Let $1\le p_{i},r\le\infty$ and $\sum_{i=1}^{k}\frac{1}{p_{i}}=\frac{1}{r}.$
Show that the following inequality holds: $$\bigg\lVert\prod_{i=1}^{k}f_{i}\bigg\rVert_{L^{r}}\le\prod_{i=1}^{k}\lVert f_{i}\rVert_{L^{p_{i}}}$$
Here is my working :
Firstly, we may assume each $\lVert f_{i}\rVert_{L^{p_{i}}}<\infty$, otherwise the inequality holds easily.

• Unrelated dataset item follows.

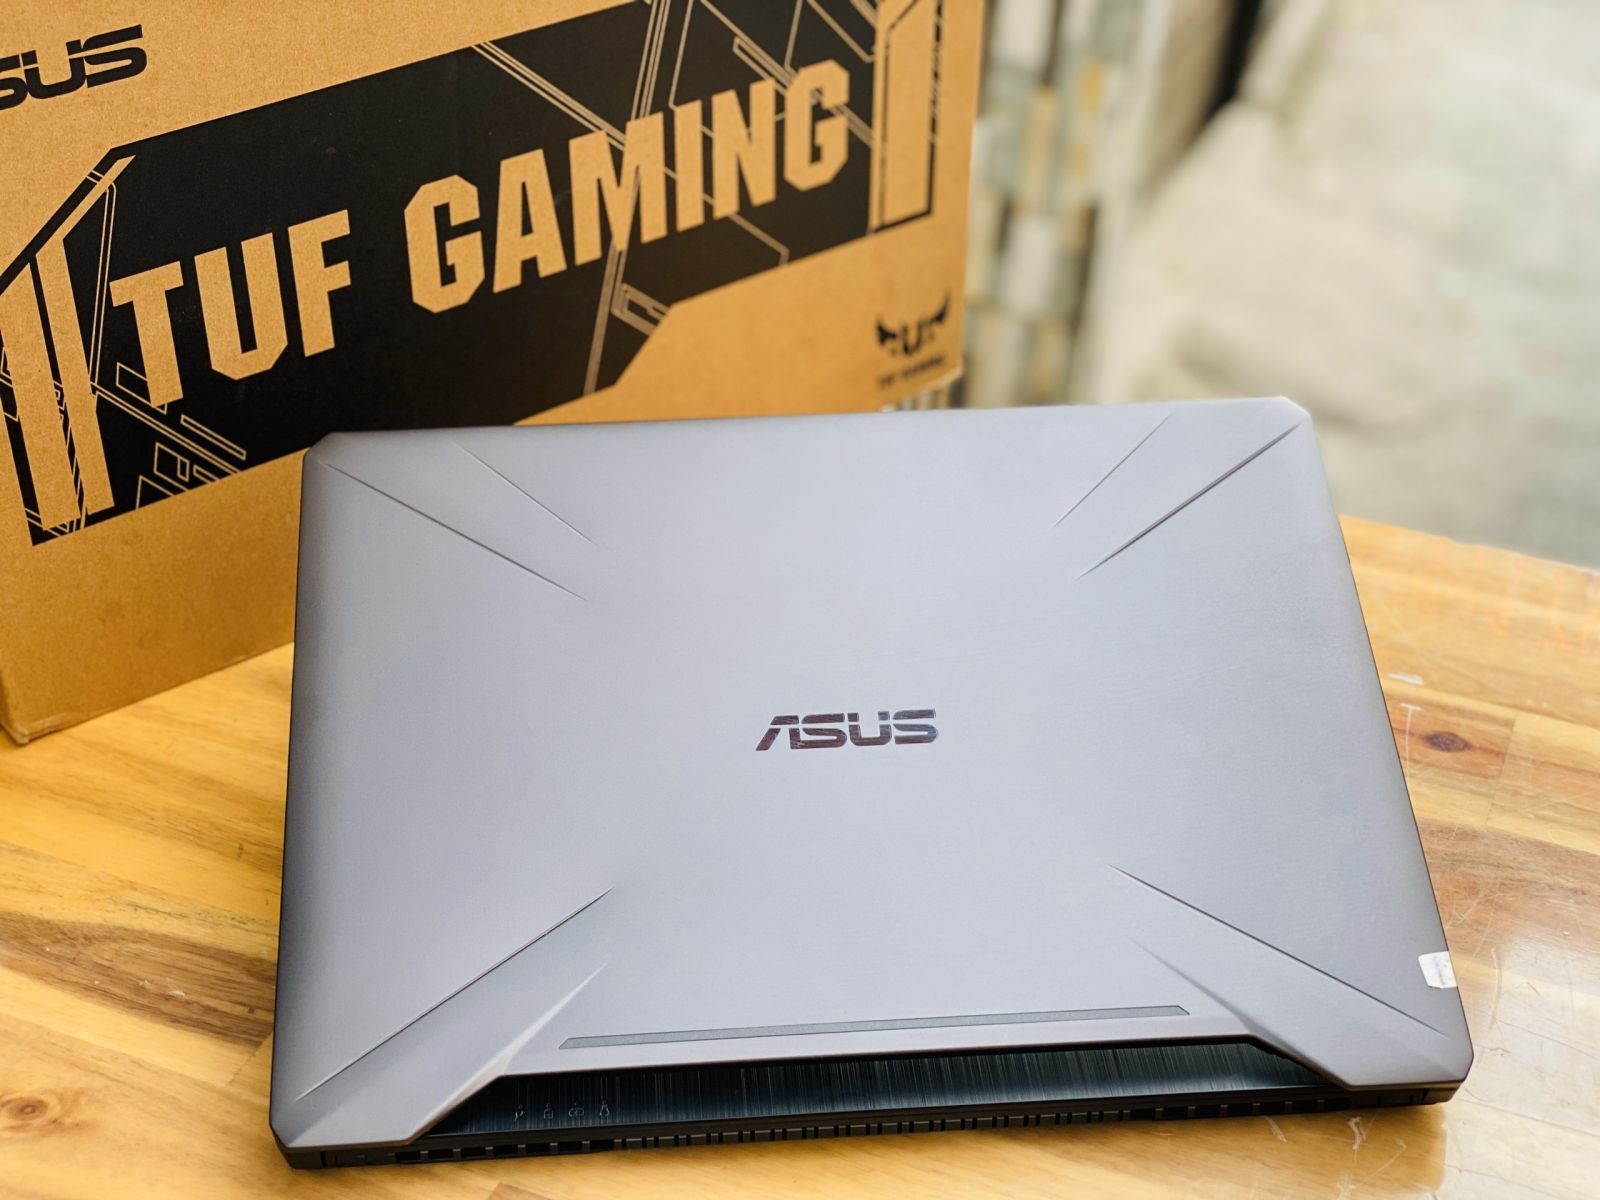 Laptop Asus TUF Gaming FX505GD i5 8300H/ 8G/ SSD128+1000G/ GTX1050 4G/ Viền Mỏng/ LED RGB 7 Màu/ Giá rẻ2

Now ,we restrict that $1< p_{i},r<\infty$
Note that,
$$\sum_{i=1}^{k}\frac{1}{p_{i}}=\frac{1}{r}\Longleftrightarrow\sum_{i=1}^{k}\frac{r}{p_{i}}=1\Longleftrightarrow\sum_{i=1}^{k}\frac{1}{\frac{p_{i}}{r}}=1$$Then we apply the Hölder's inequality as follows,
$$\bigg\lVert\prod_{i=1}^{k}f_{i}\bigg\rVert_{L^{r}}^{r}=\int\bigg|\prod_{i=1}^{k}f_{i}\bigg|^{r}dx=\int\prod_{i=1}^{k}|f_{i}|^{r}dx \le\prod_{i=1}^{k}\bigg(\int|f_{i}|^{p_{i}}dx\bigg)^{\frac{r}{p_{i}}}=\prod_{i=1}^{k}\lVert f_{i}\rVert_{L^{p_{i}}}^{r}$$,where the first inequality is holds by Hölder's inequality.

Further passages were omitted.